Personal information
- Nationality: British
- Born: 10 September 1970 (age 55) Bristol, England

Sport
- Country: Great Britain
- Sport: Alpine skiing

= Talan Skeels-Piggins =

British para-alpine skier

Talan Skeels-Piggins (born 10 September 1970) is a British children's author, a double 600cc Motorcycle World Champion (paralysed category) and former Winter Paralympic alpine skier. Skeels-Piggins was a member of the British alpine skiing team. Skeels-Piggins used a sit-ski in alpine competitions.

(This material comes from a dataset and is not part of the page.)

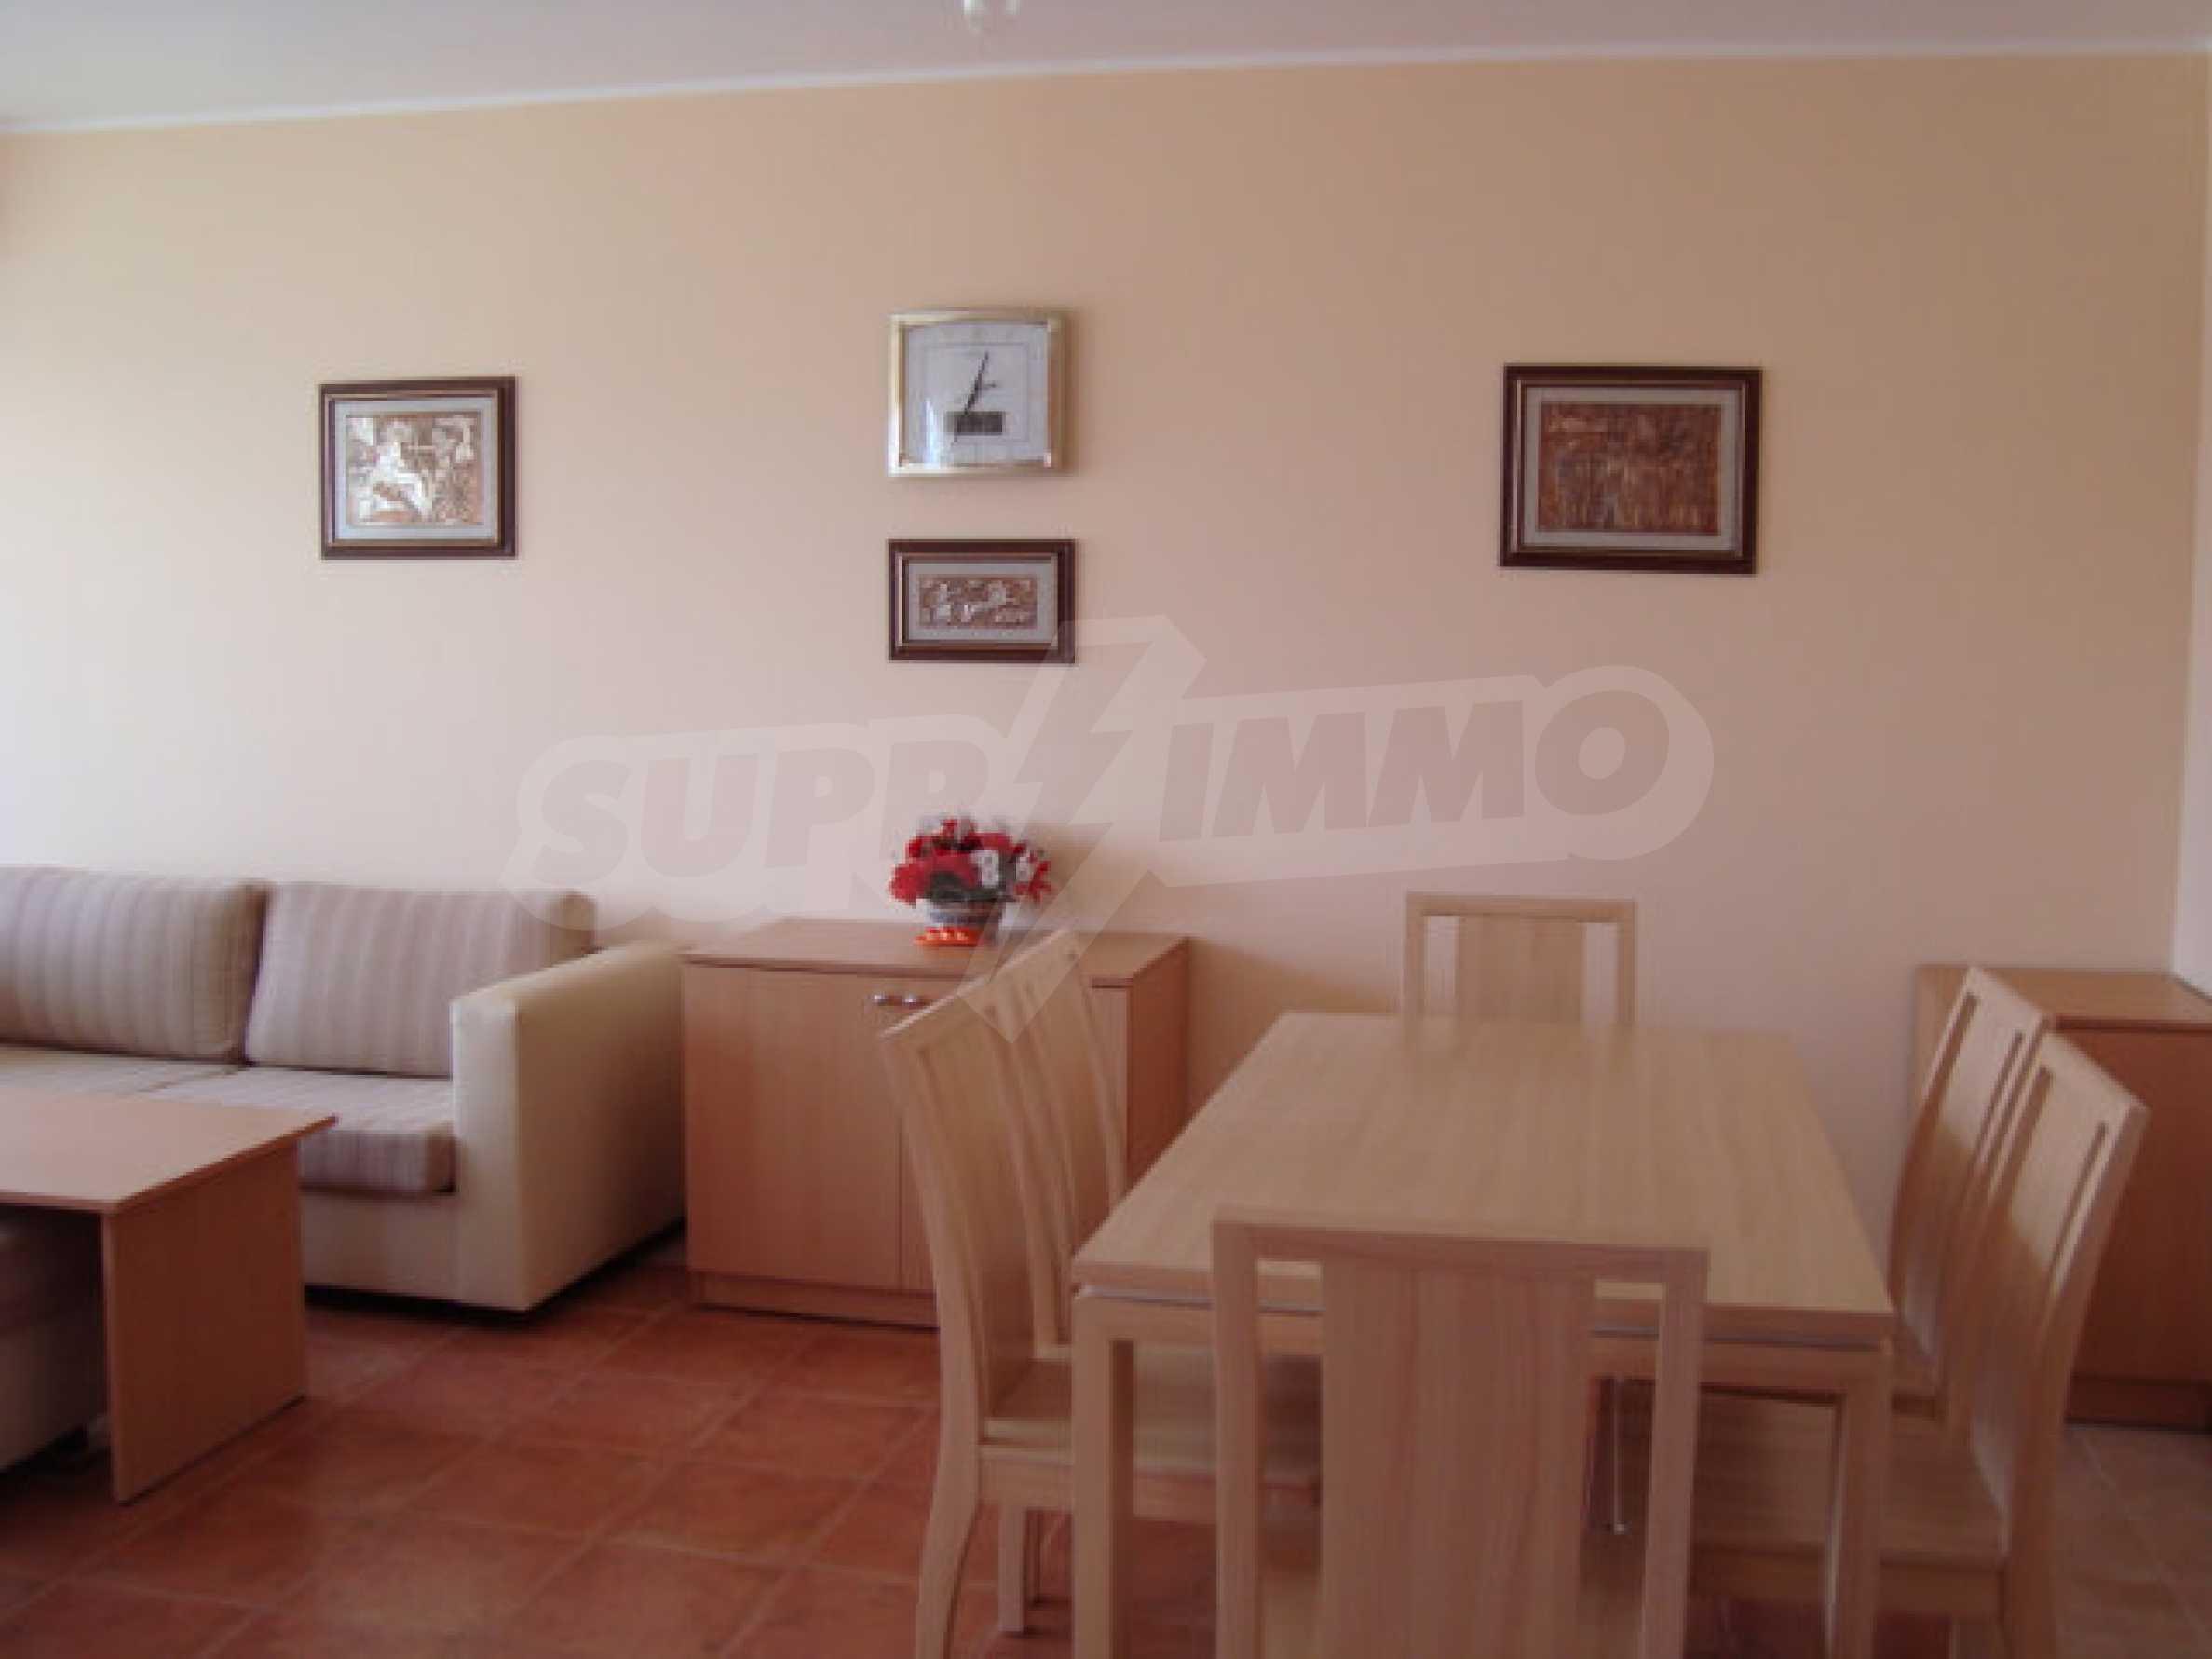 Zwei-Zimmer-Wohnung in Saint Nicholas Komplex in Chernomorets 6
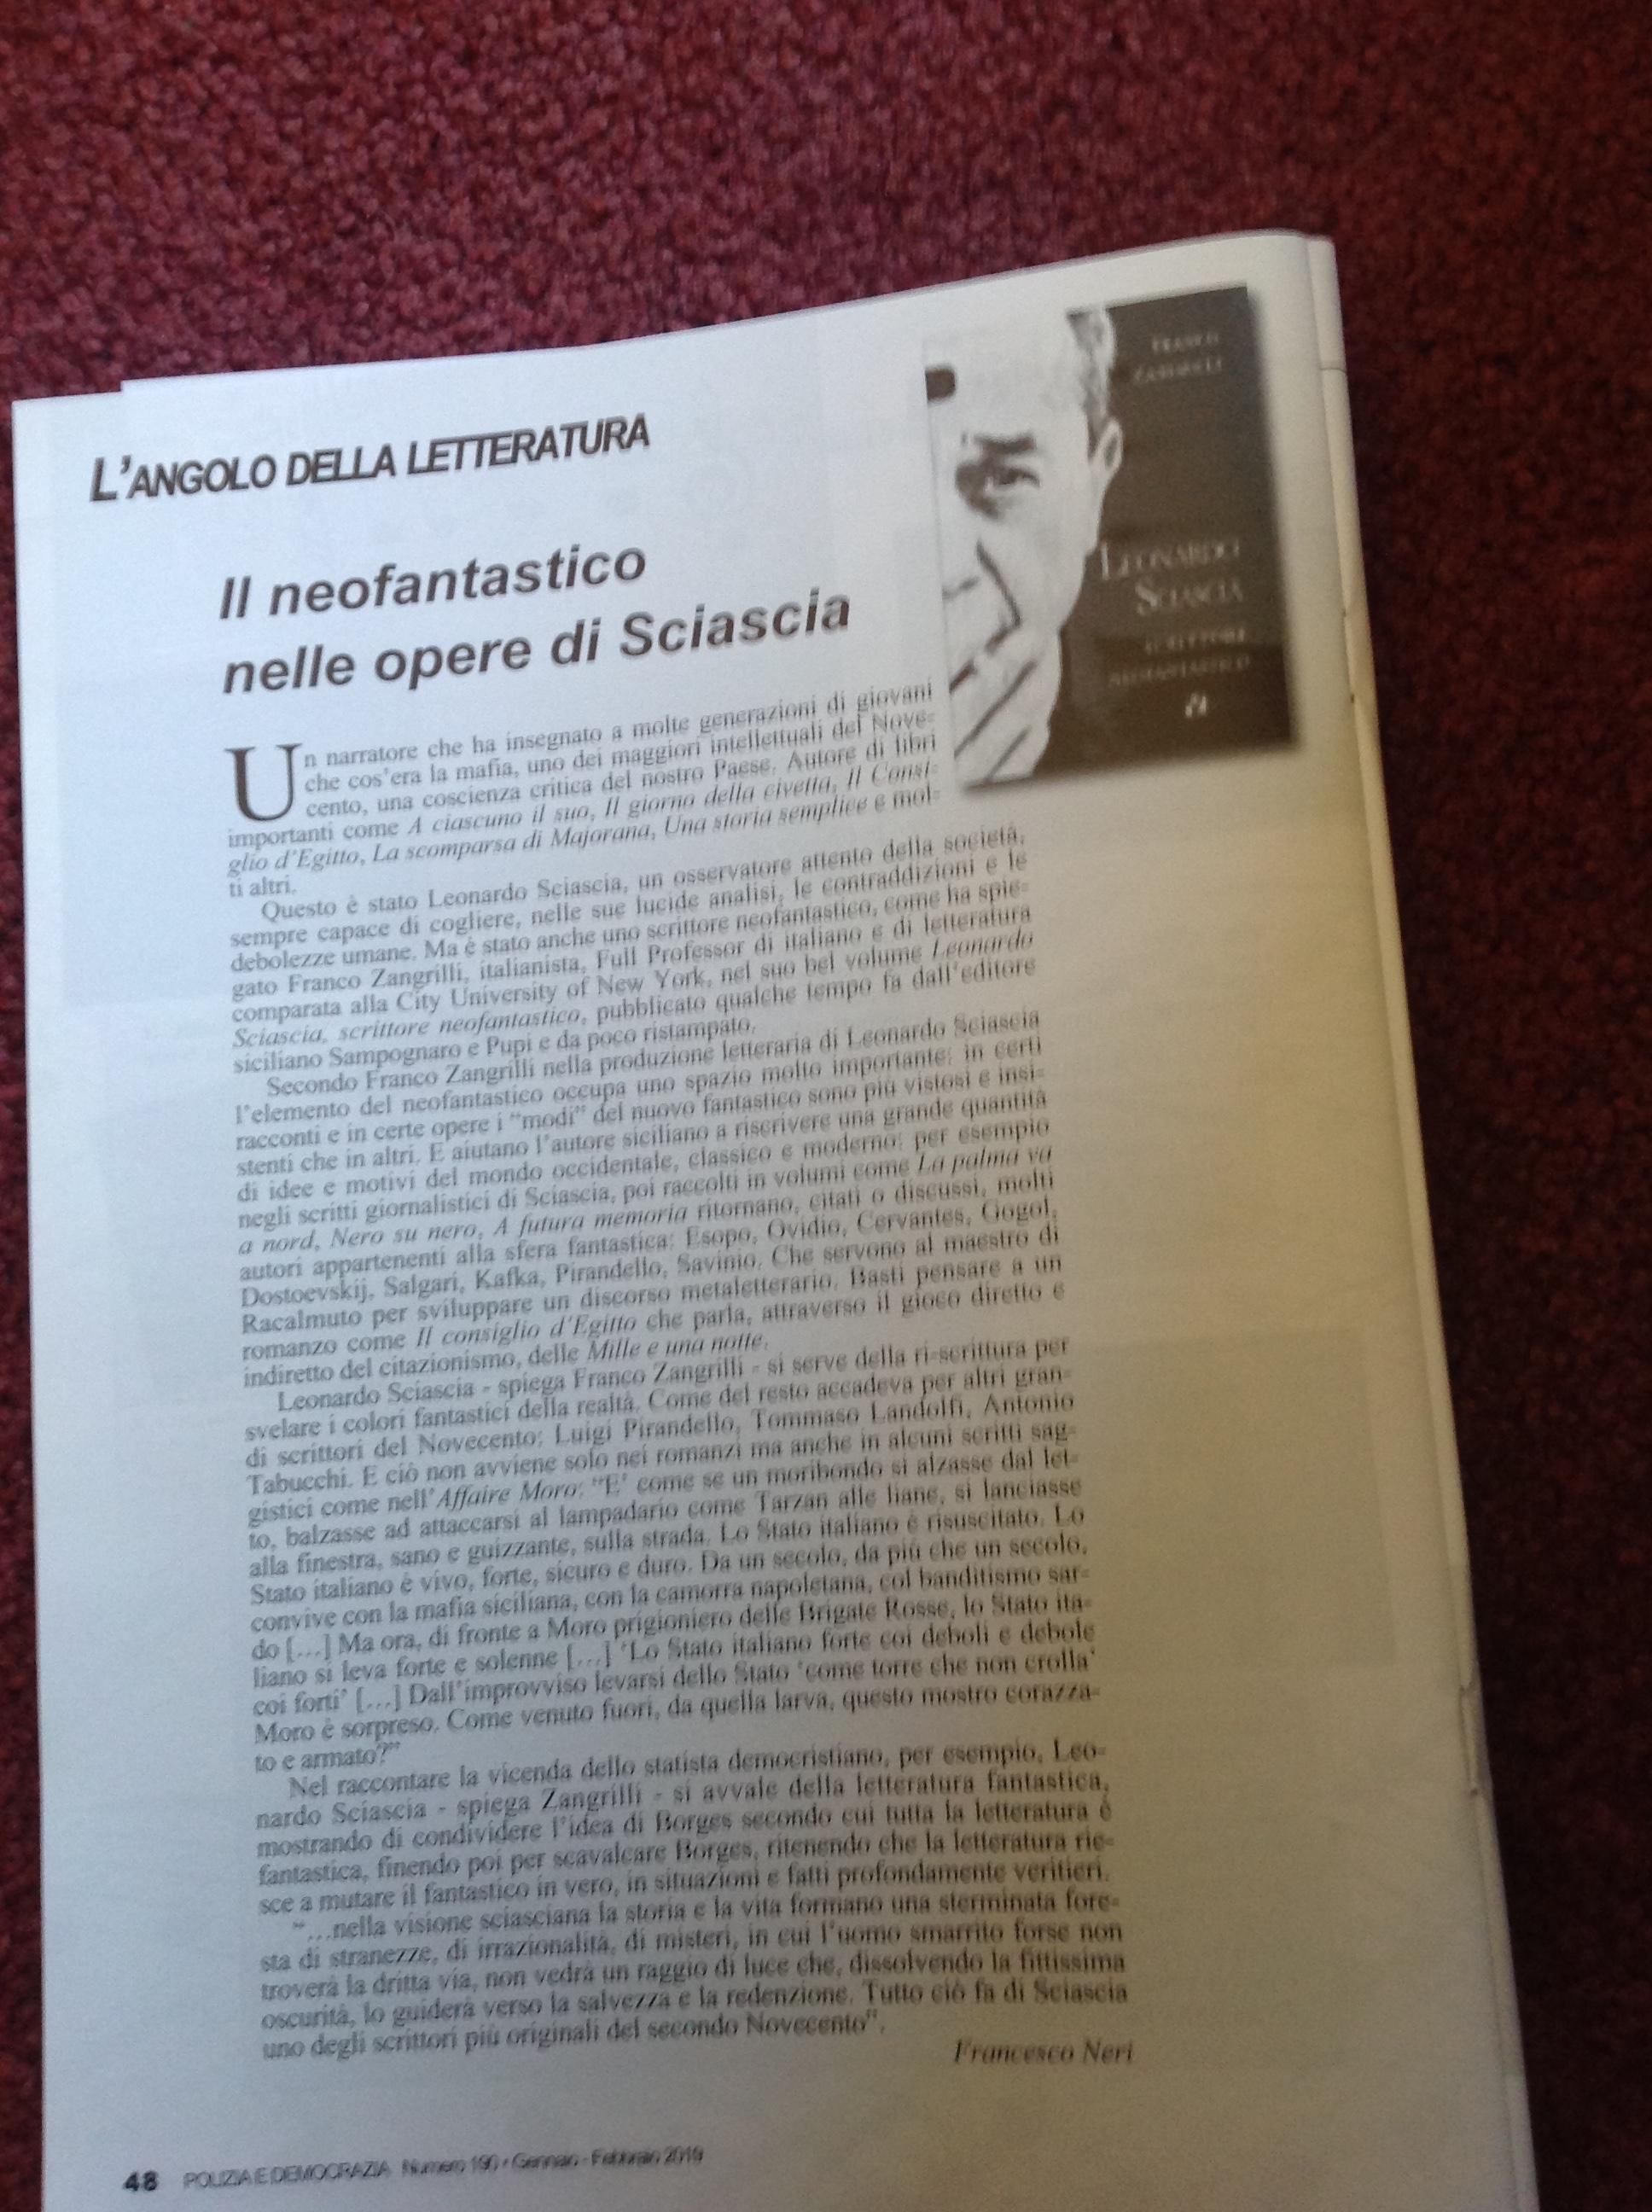 _Leonardo Sciascia_Scrittore neofantastico_Franco Zangrilli_

Skeels-Piggins was formerly a Royal Navy fighter controller, and a PE teacher at St Laurence School, Bradford-on-Avon. He was paralysed from the chest down following a motorcycle accident in March 2003, which shattered his spine and broke his neck. After his injury, he was retained in the Armed Forces and serves as a lieutenant in the Royal Naval Reserves.

He began skiing on a family holiday at the age of nine. Whilst in the Royal Navy, he was selected for the RN Ski Team and was captain of the Scotland, Northern England &
Northern Ireland Command team. He was placed fourth overall in the 1995 Navy Ski Championships. After his accident he chose to start skiing using a sit-ski with the goal of competing at the Paralympics. He was selected to compete for the Great Britain team 14 months after sustaining his injuries and competes in the LW10/1 classification for athletes with paraplegia with no upper abdominal function and no functional sitting balance.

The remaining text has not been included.